Two dice, A and B, are throwing. What is the probability that the total score be at most 5 if B scored 2, 3 or 4?

_________(1)__(2)__(3)__(4)__(5)__(6)
_(1)_______2___3___4___5___6____7
*****
_(2)_______3*__4*__5*__6___7____8
_(3)_______4*__5*__6___7___8____9
_(4)_______5*__6___7___8___9___10
*****
_(5)_______6___7___8___9__10___11
_(6)_______7___8___9__10__11___12

__die A scores line 1, die B left column.

Explanation: among the 36 (6 times 6) outcomes they are only considered those to which B scores 2, 3 or 4. They are 3*6=18 cases equally likely. Among these there are (stared) 5 that are favorable. Then the probability is 3/18 = 1/3 = 0.33333…
It can be seen that CONDITIONAL probability assumes that the UNIVERSE (the set of equally likely outcomes) is reduced by the IF CONDITION. (That can be said IN THE CASE THAT, or KNOWING THAT, or other equivalent expression ;;;).

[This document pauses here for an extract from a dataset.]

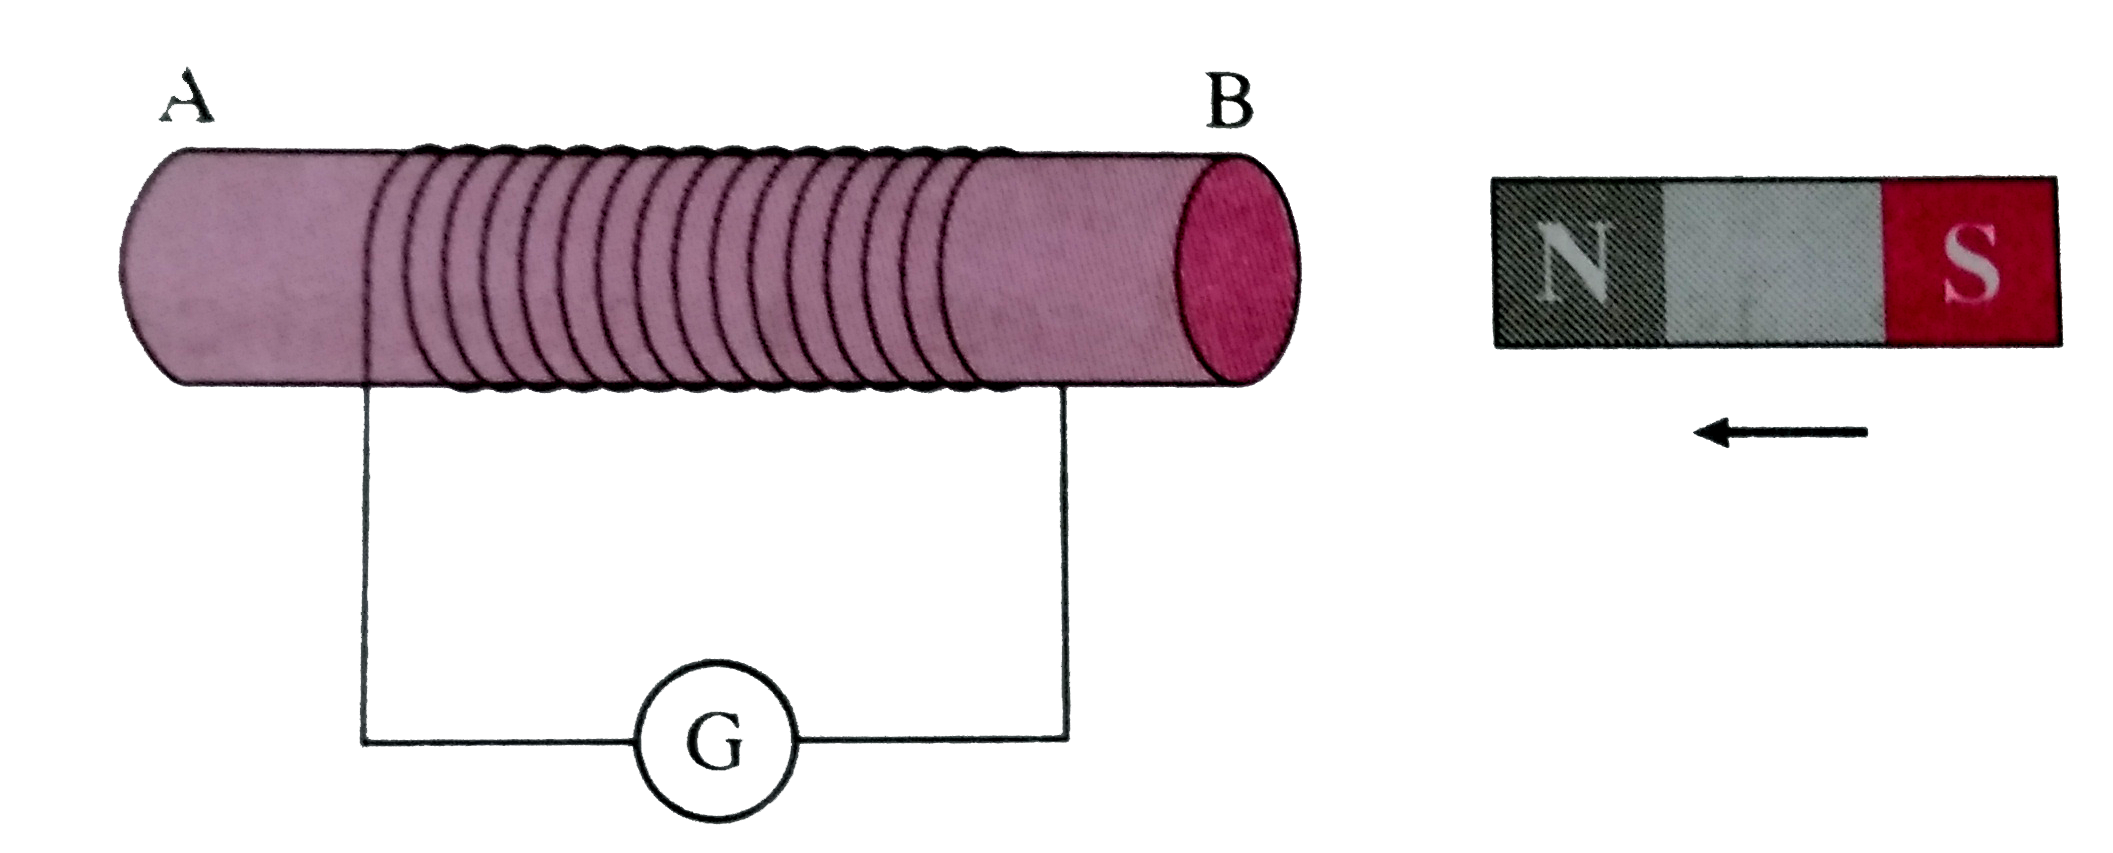 Take a coil AB having 10-15 turns. Connect the two ends of the coil to the galvanometer as shown in Fig.  Take a strong bar magnet. (1) Move the north pole of the magnet towards the end B of the coil Observe the deflection of the pointer in the galvanometer. Note the direction of the deflection (i.e. right or left). (2) Now repeat this with the south pole of the magnet towards the end B of the coil. Again observe the deflection. Note its direction. (3) What will happen if instead of the magnet, the coil is moved? (4) If both the coil and the magnet are kept stationary, do you observe any deflection? (5) Compare the direction of the deflection when the north pole of the magnet is moved towards the end B of the coil with that when the end B of the coil is moved away from the north pole of the magnet. (6) What conclusions do you draw from the observations?

Note carefully that the scores are INDEPENDENT, the dependence arrives because we do not care the outputs others than B scores 2, 3, or 4.
However if the problem was drawing two cards successively WITHOUT replacement, the probability to draw the second card IS NOT independent of the first outcome.

_*__What is the probability p to have a Spade card after a Kung?
First card
_____p(first) = 13/52 = 1/4
Second one: two mutually exclusive cases:
_______a)_______King of spades
________p(2nd , a)) = 12/51
_______b)_______no spades (i.e. no King of spades)
________p(2nd, b)) = 13 /51

Then p= 13/52 * (12/51 + 13/51) = 0.1225.

________Simulation

__REM “IF”
__CLS
__RANDOMIZE TIMER
__all= 400000
__FOR k=1 to all
__LOCATE 10,10
__PRINT USING “#######”; all-k
__f=k/10000 : ff=INT(f)
__IF f=ff THEN RANDOMIZE TIMER
10__x= INT (RND*6) +1
____y= INT (RND*6) +1
__IF y=1 OR y=5 OR y=6 THEN GOTO 10
__valid = valid + 1
__s= x + y
__IF s<= 5 THEN ok = ok + 1
__PRINT USONG “#.####”; ok / valid
__NEXT k
__END

We run this program TWO TIMES (400000 hands each, see program above).
The first one gave 0.3322 . We must ask: Is this result acceptable?. Calculating Z = -1.521, we cannot state that this frequency is statistically different from 1/3.
The second simulation, the frequency obtained 0.3342.

___________licas
.

References:
- Coins , dice, cards and random numbers
  - From: \"Luis A. Afonso\"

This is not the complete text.